Di kejauhan, aku mulai melihat Dara menyembul dari balik pohon. Ia tampak cantik sore ini, ia menjelma purnama.
“Cepat ceritakan kelanjutan kisahnya padaku!” Desakku pada Dara.
“Ia bertanya padaku, ‘Bulan, apakah kamu tidak merasa sepi sendirian sepanjang zaman?’ Tentu saja aku berasa kesepian dan sedih bila sendiri, tapi aku selalu merasa denganmu, Bagaskara.”
“Baiklah, aku senang kamu begitu padaku. Aku yakin, di suatu masa, kita akan berkumpul walaupun waktu itu sekaligus menjadi hari terakhir kita. Aku padamu, Dara. Lantas, apa hubungannya dengan perempuan itu?”
“Sembari mengatakan itu, perempuan itu kadang meneteskan air mata. Aku tidak kenapa. Bila ini perihal cinta, mungkin seseorang yang datang kepadanya bukan orang yang benar-benar ia harapkan. Aku melihat sebuah cincin melingkar di jari manisnya.”

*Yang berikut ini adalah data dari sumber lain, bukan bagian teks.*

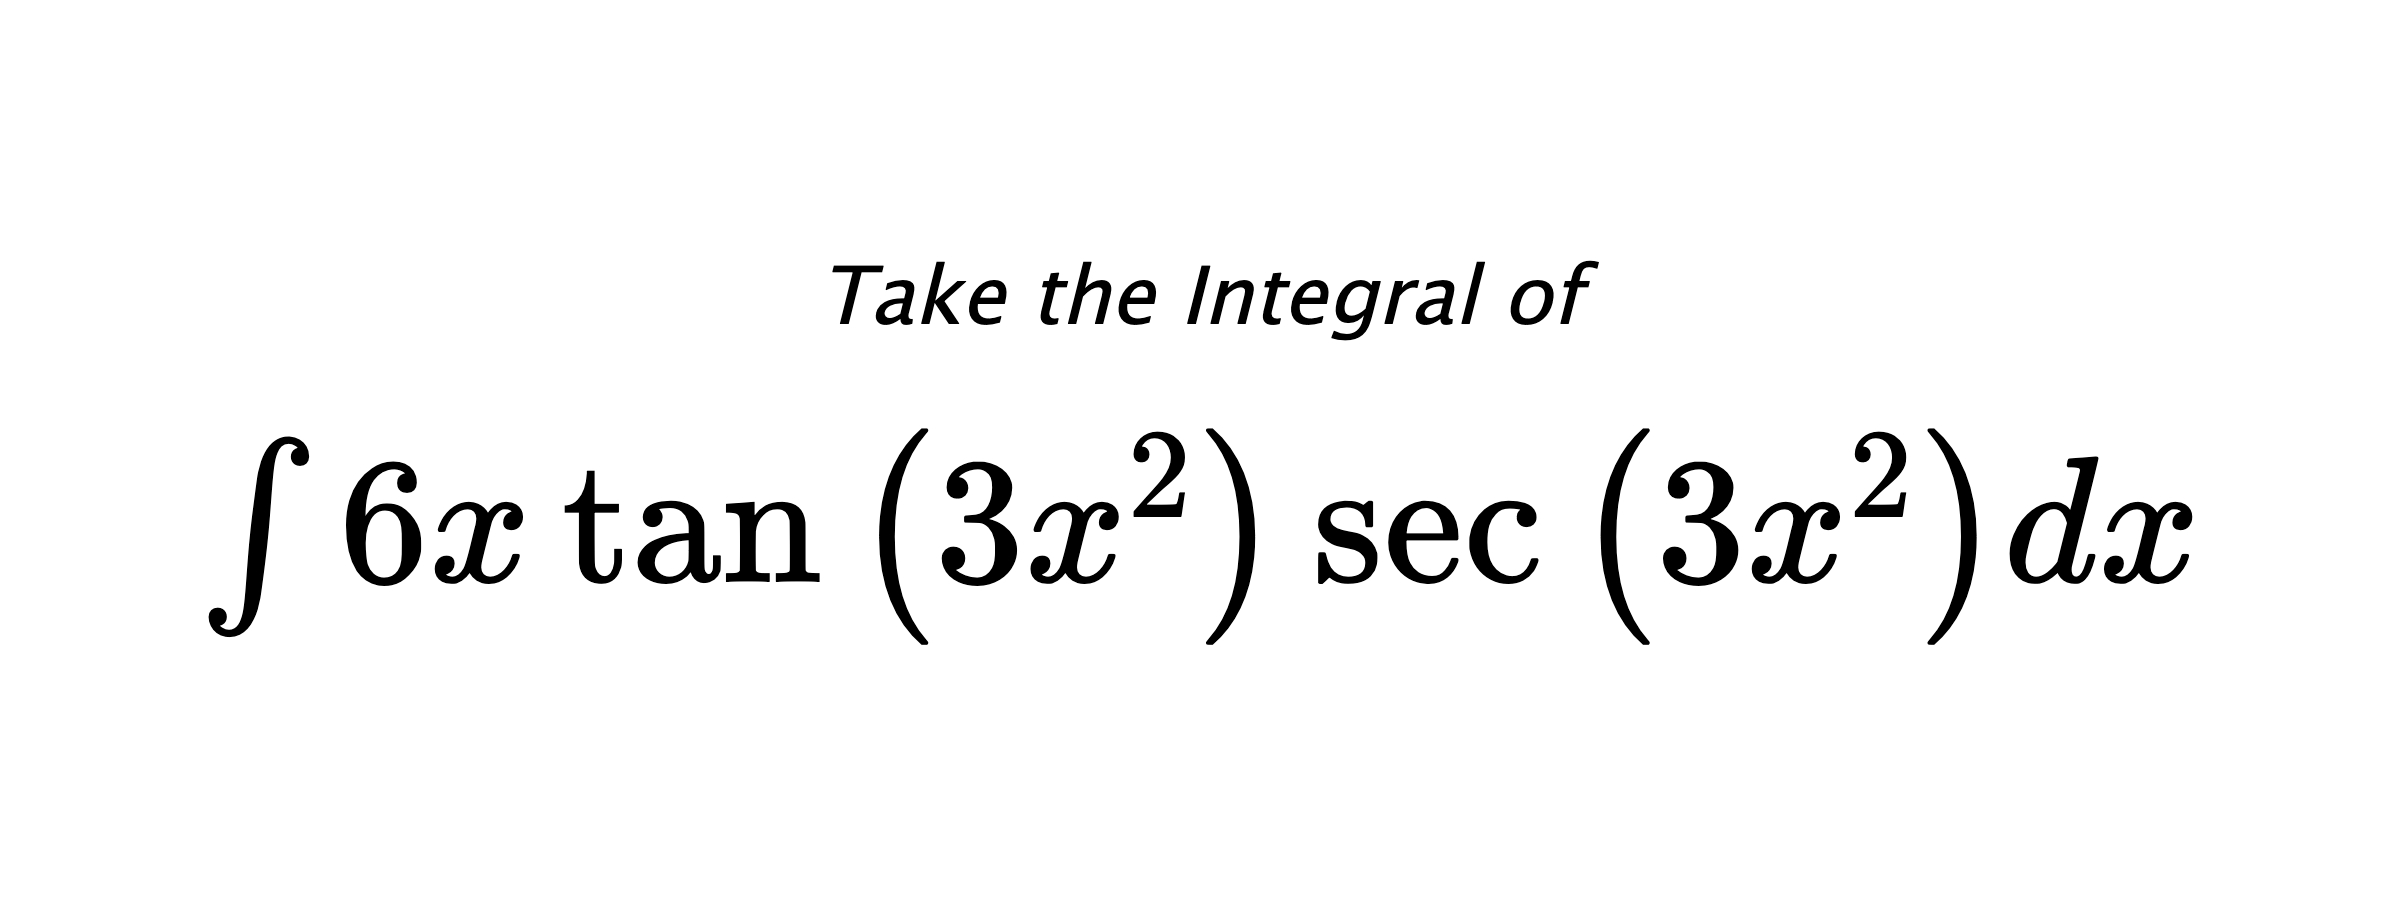 Take the Integral of $ \int 6 x \tan{\left(3 x^{2} \right)} \sec{\left(3 x^{2} \right)} dx $

“Dara, Dara, lihat, itu laki-laki yang aku ceritakan kapadamu!,” spontan kuberucap saat aku tiba-tiba melihat sepasang pengantin.
“Kebetulan, perempuan yang kuceritakan juga itu,” sambung Dara.

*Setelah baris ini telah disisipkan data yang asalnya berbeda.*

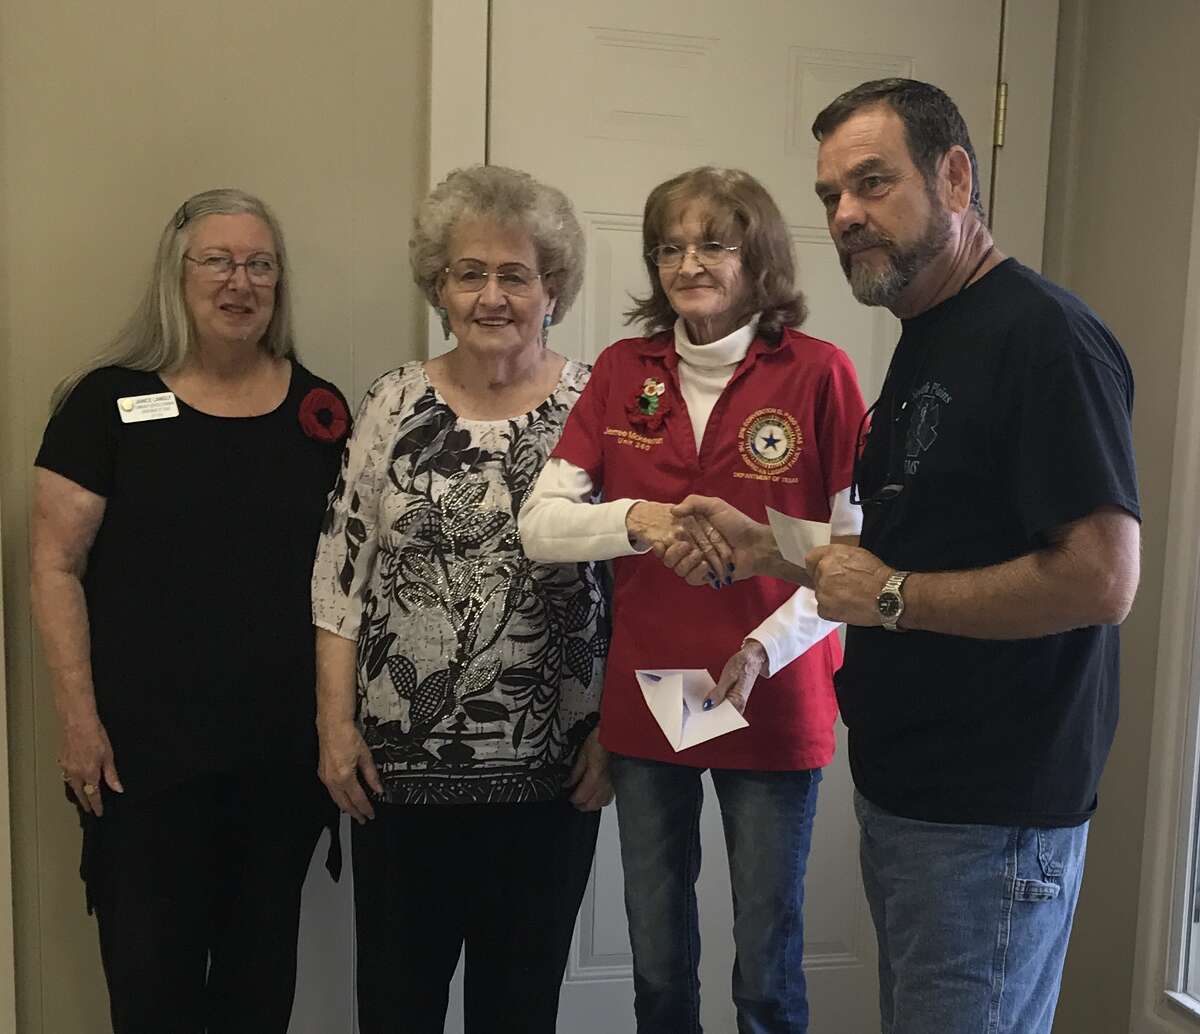 On Monday, three representatives of the American Legion Auxiliary Unit 260 in Plainview, Secretary Janice Langley (left), Theta Vaughan and President Jerree McKeeman, visited Lubbock to deliver a donation to Gary Vaughn, president of the Texas South Plains Honor Flight. The check represents funds collected through to sale of poppies to area residents. The donation is to honor and help send a veteran to Washington, D.C. on a trip of a lifetime. The next Honor Flight from Lubbock leaves Oct. 1.

Dara terus melanjutkan kisahnya, “Ia bergumam, ‘Cinta yang terbaik adalah cinta yang halal.’”
Di kala senja itu, aku di ufuk barat, Dara di ujung timur langit. Kita menyaksikan bersama pernikahan sepasang perempuan dan laki-laki itu.
“Dara, mari ucapkan selamat kepada mereka!”
“Selamat menikah, semoga bahagia, semoga cinta dan hubungan kalian abadi sampai jamuran.”
Ahad, 14 November 2021
*Guru di PP. An Nawari, Sera Tengah, Bluto, Sumenep. Cerita ini dipersembahkan sebagai kado pernikahan untuk dua teman penulis yang nikah pada 15 November 2021.
Catatan: cerpen ini dimuat di Koran Harian Kabar Madura pada 15 November 2021.